One potential approach is to use geometric probability arguments or known results about chord lengths. For instance, it is known (via geometric probability) that when a chord is determined by choosing a point P uniformly on the circumference relative to a fixed point Q, the midpoint of that chord is distributed in a certain radial pattern inside the circle. By carefully analyzing how far that midpoint can be from the center, one can find the mean chord length without explicitly computing trigonometric integrals.

However, such geometric approaches often circle back to ideas very similar to the integral approach. In one variation, we note that the midpoint of a chord with fixed endpoints Q and P is at some distance from the circle center O, and the distribution of that distance can be used to deduce chord-length statistics. The advantage is that sometimes it sidesteps dealing with trigonometric integrals directly, but the level of conceptual difficulty is generally the same.

A subtle pitfall is that one must avoid mixing up different definitions of “random chord.” If we pick a chord by choosing any two random points on the circumference, that distribution differs from choosing one point randomly in relation to a fixed point. So, carefully specifying which random process is used is crucial. Otherwise, the “no-integration” approach could be incorrectly applied and yield inconsistent results.

2) How does this result generalize if we pick more than one random point P relative to Q?
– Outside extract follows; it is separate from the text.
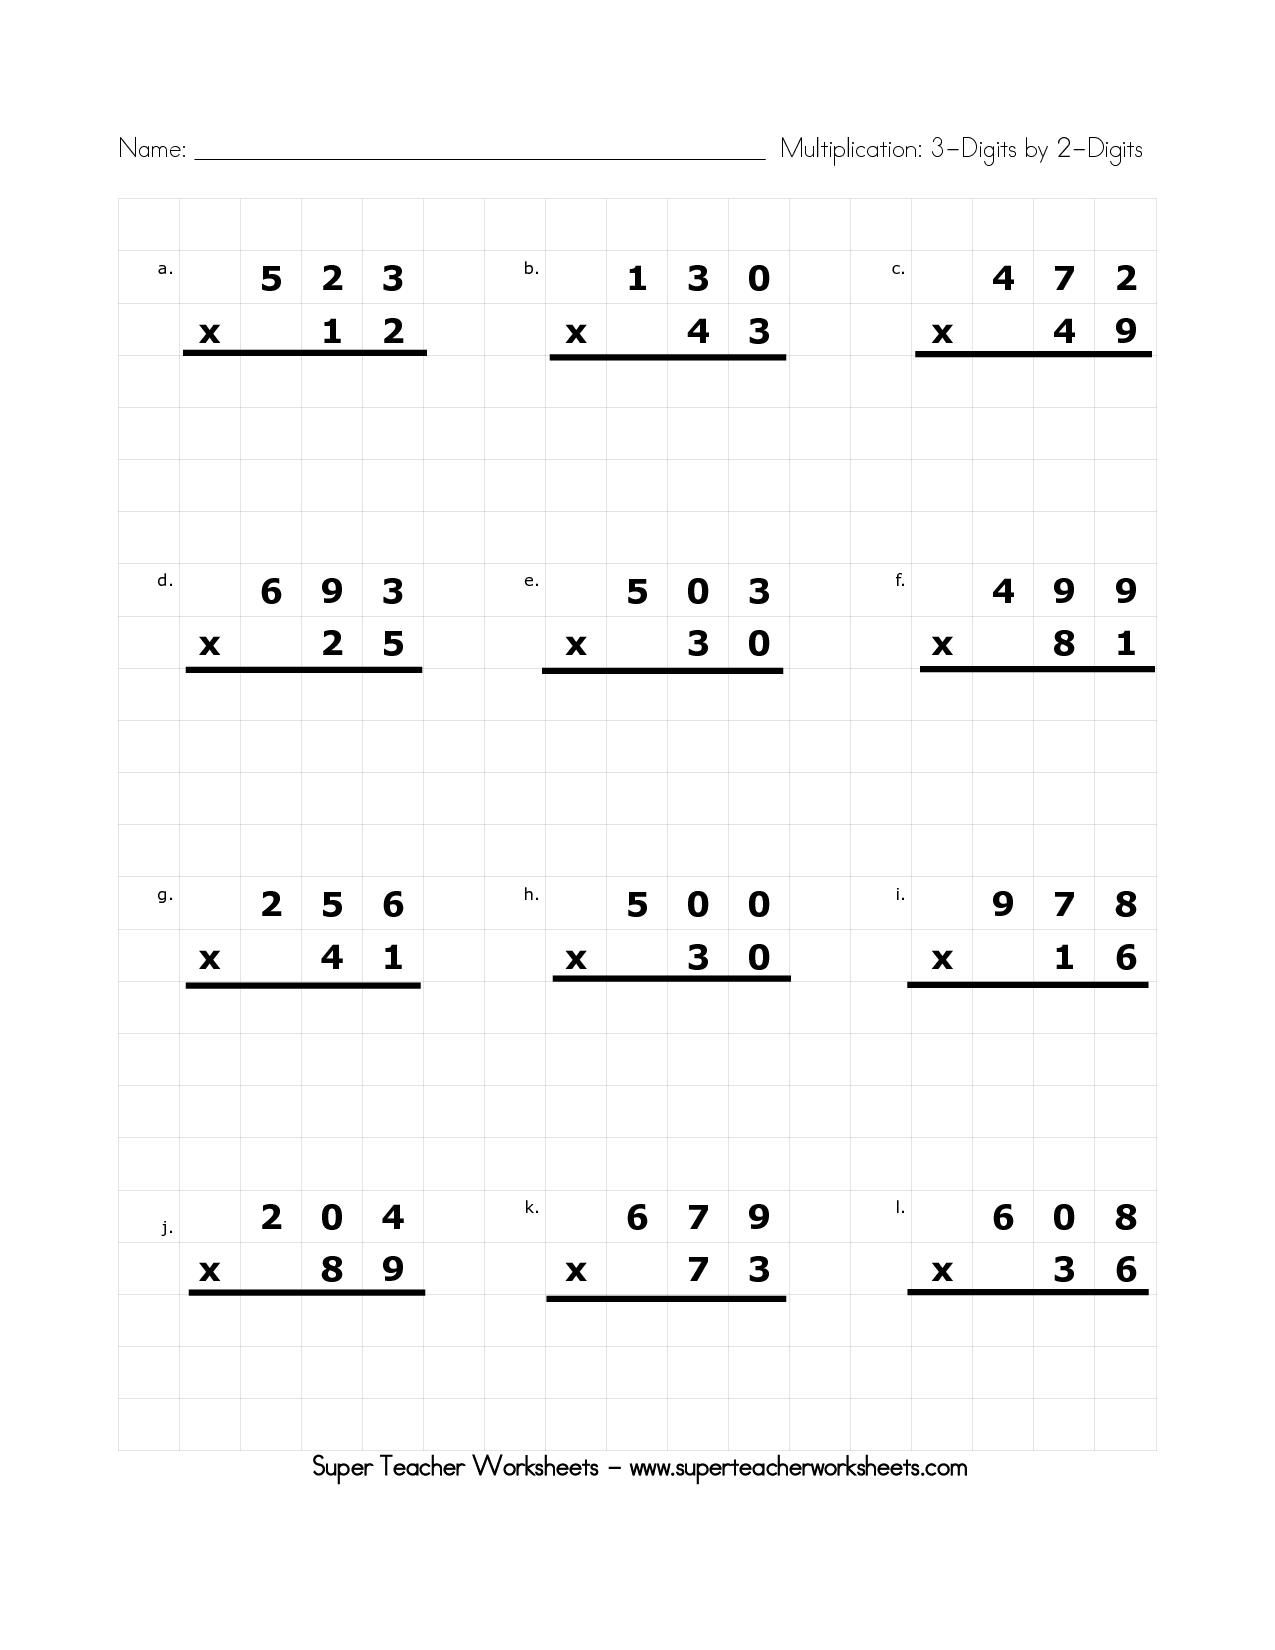 Super Teacher Worksheets Math Puzzle Picture Multiplication worksheet

If we consider multiple random points P1, P2, …, Pn on the same circle (each chosen independently), each chord QiPi (with Q fixed) will be distributed identically to the chord QP in the original problem. Hence each chord length Xi = |QiPi| has the same distribution as X. In such a scenario, the set of chord lengths {X1, X2, …, Xn} each follows the same distribution with mean 4r/π and standard deviation approximately 0.616r.

A more subtle question is whether these chord lengths are independent from each other. If the points Pi are chosen independently around the circumference, then each Xi is marginally distributed in the same way, but there are correlations (for instance, if you know P1 is close to Q, it does not necessarily provide direct information about where P2 is, but if constraints or sampling schemes are introduced that couple the points, the independence could be lost).

Pitfalls here include mixing up identical distribution with independence: the chord lengths are identically distributed but might not be strictly independent if the points are not chosen independently. Also, if we pick the n points by partitioning the circumference into equal arcs (deterministically or systematically), we lose the uniform randomness assumption.

3) Does this result hold if the radius r is itself random?

Sometimes, in real-world scenarios, we might not know r exactly but rather treat it as a random variable in a hierarchical model (e.g., the circle’s size might vary from one trial to another). In that case, the chord length X given r is still 2r sin(Θ/2), but now r is also uncertain. One could compute E(X) by conditioning on r:

E(X) = E [ E(X | r) ].

Since we know E(X | r) = 4r/π, it follows that E(X) = (4/π) E(r). The variance becomes more complicated because we also have the randomness of r. We would use:

Var(X) = E [ Var(X | r) ] + Var [ E(X | r) ].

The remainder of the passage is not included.